Data block below:
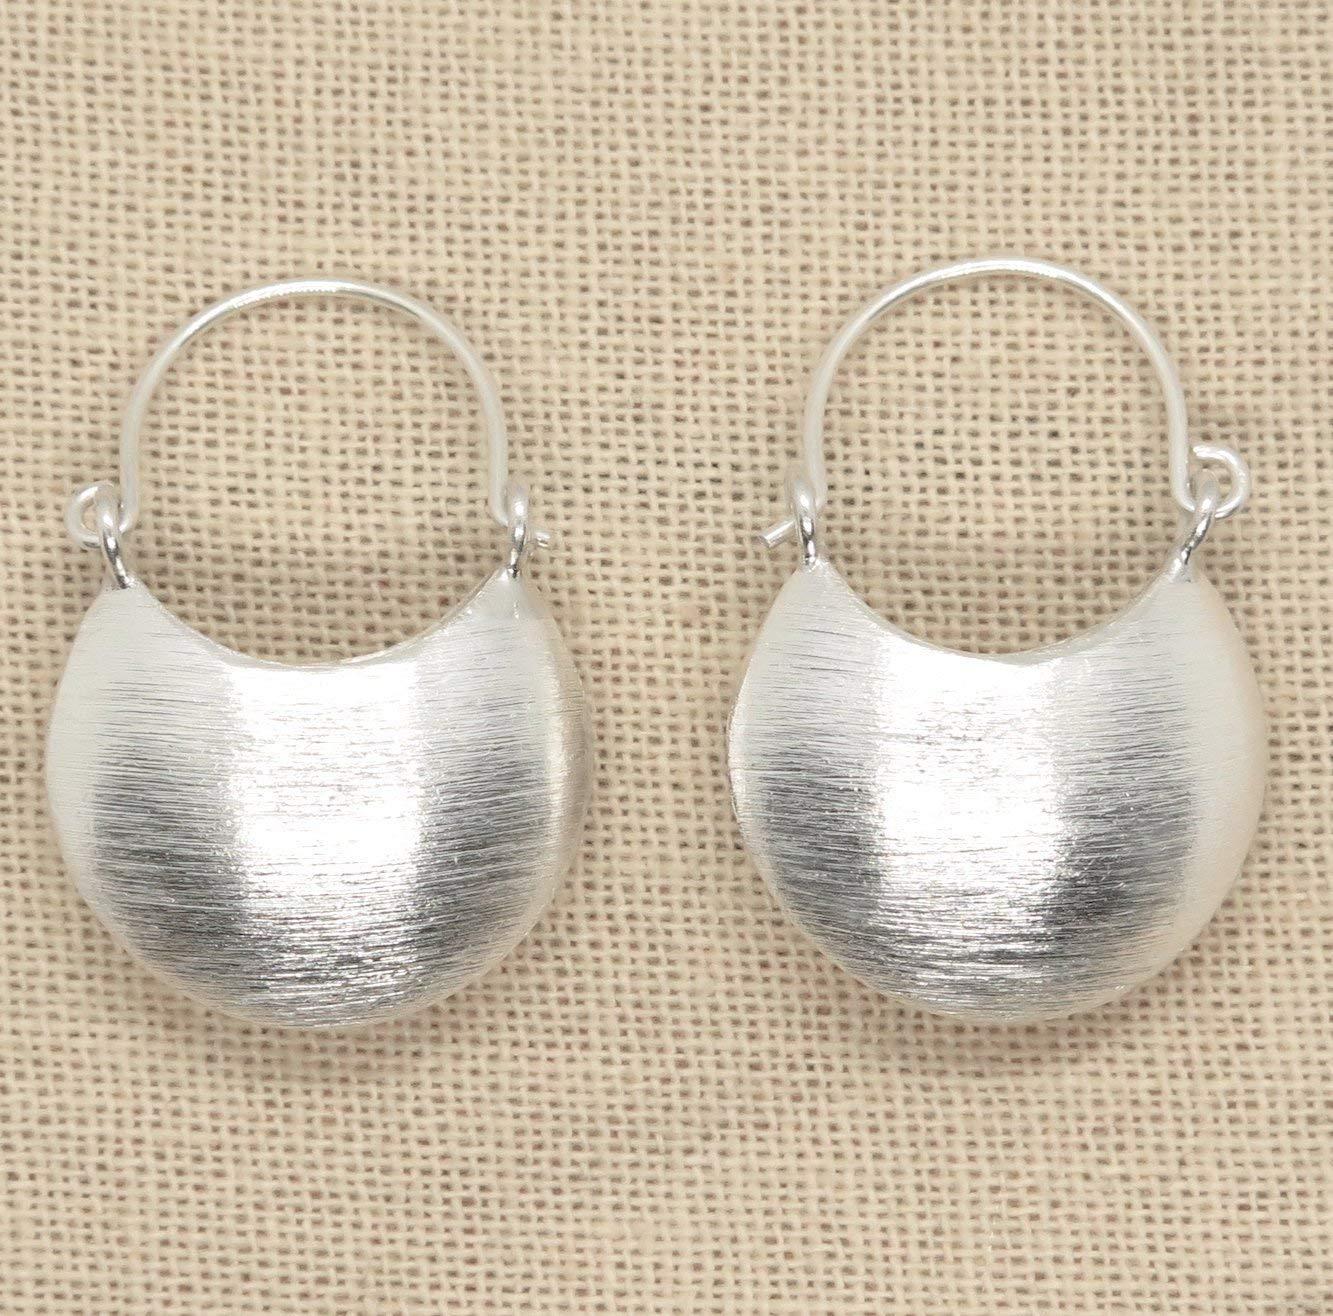 be8deea4a80e7 Cheap Silver Half Moon Earrings, find Silver Half Moon Earrings ...
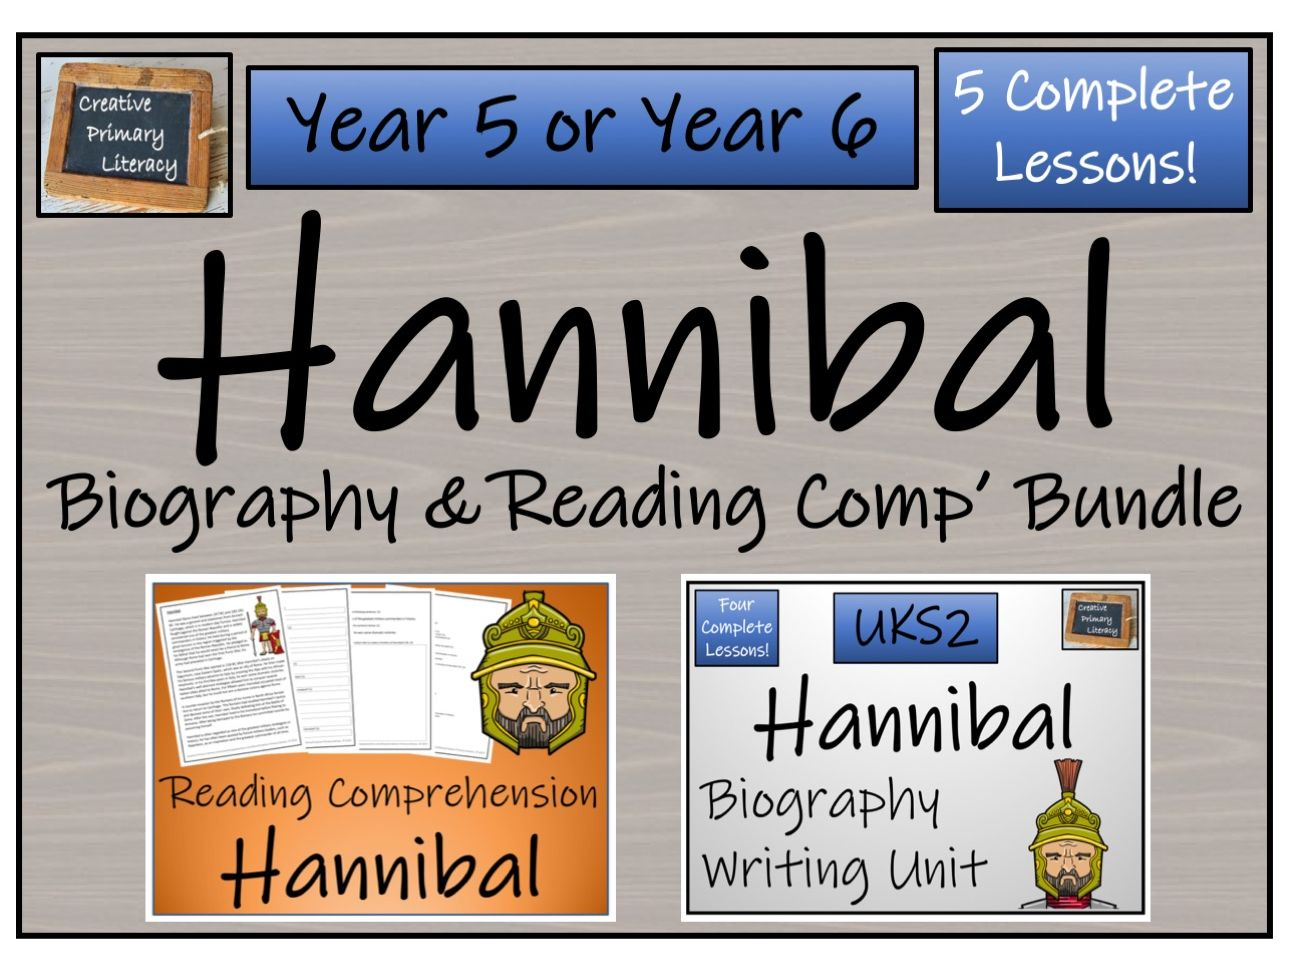 UKS2 History - Hannibal Reading Comprehension & Biography Bundle
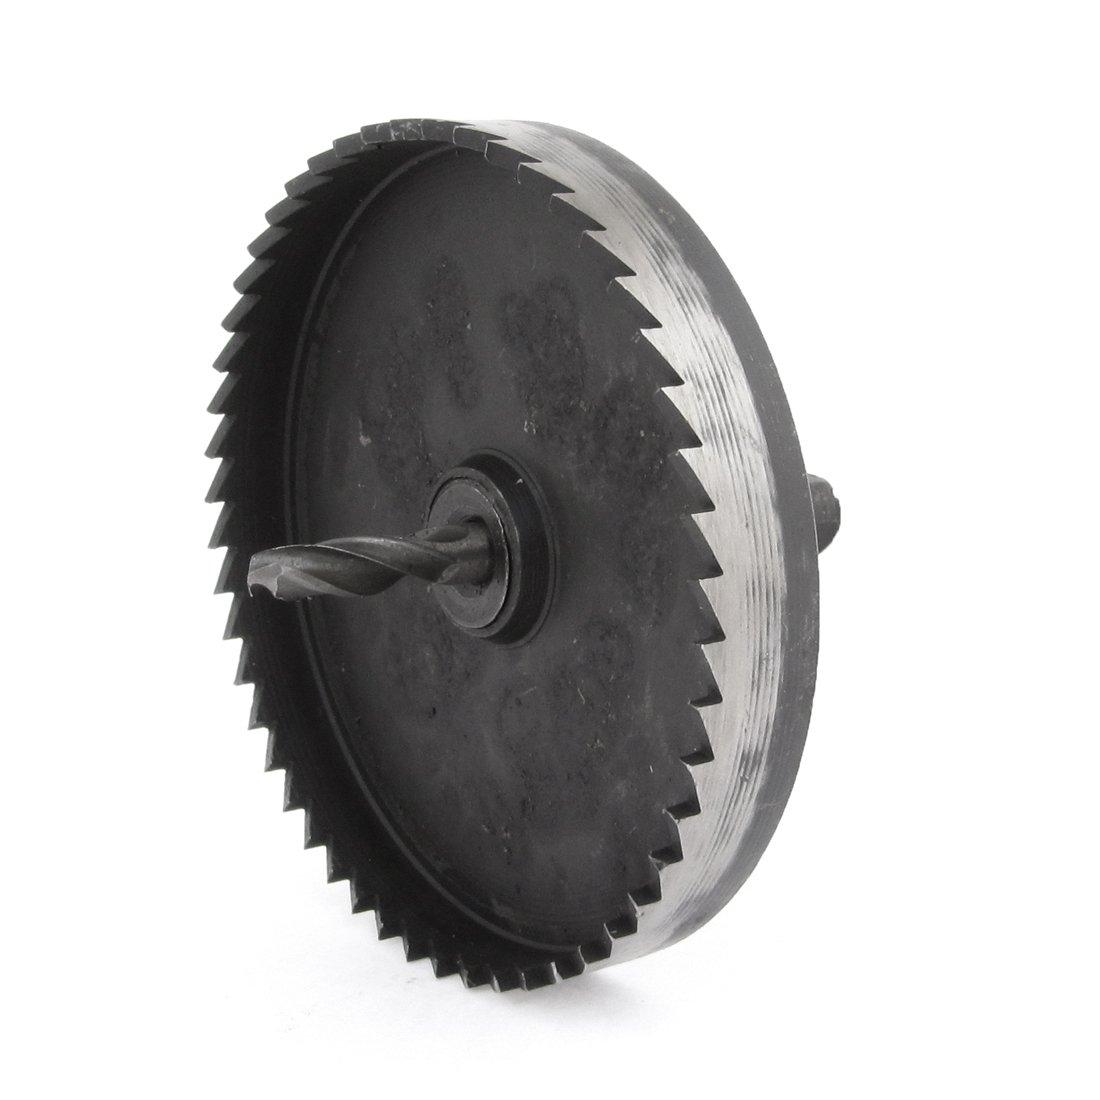 Negro HSS 6 mm corona de puntas 85 mm para cortar sierra perforadora el/éctrica
End of Data block.
## Description of the task
No pictures, please. Output the listing above exactly as it stands.

## Exercise answer
 be8deea4a80e7 Cheap Silver Half Moon Earrings, find Silver Half Moon Earrings ...
 UKS2 History - Hannibal Reading Comprehension & Biography Bundle
 Negro HSS 6 mm corona de puntas 85 mm para cortar sierra perforadora el/éctrica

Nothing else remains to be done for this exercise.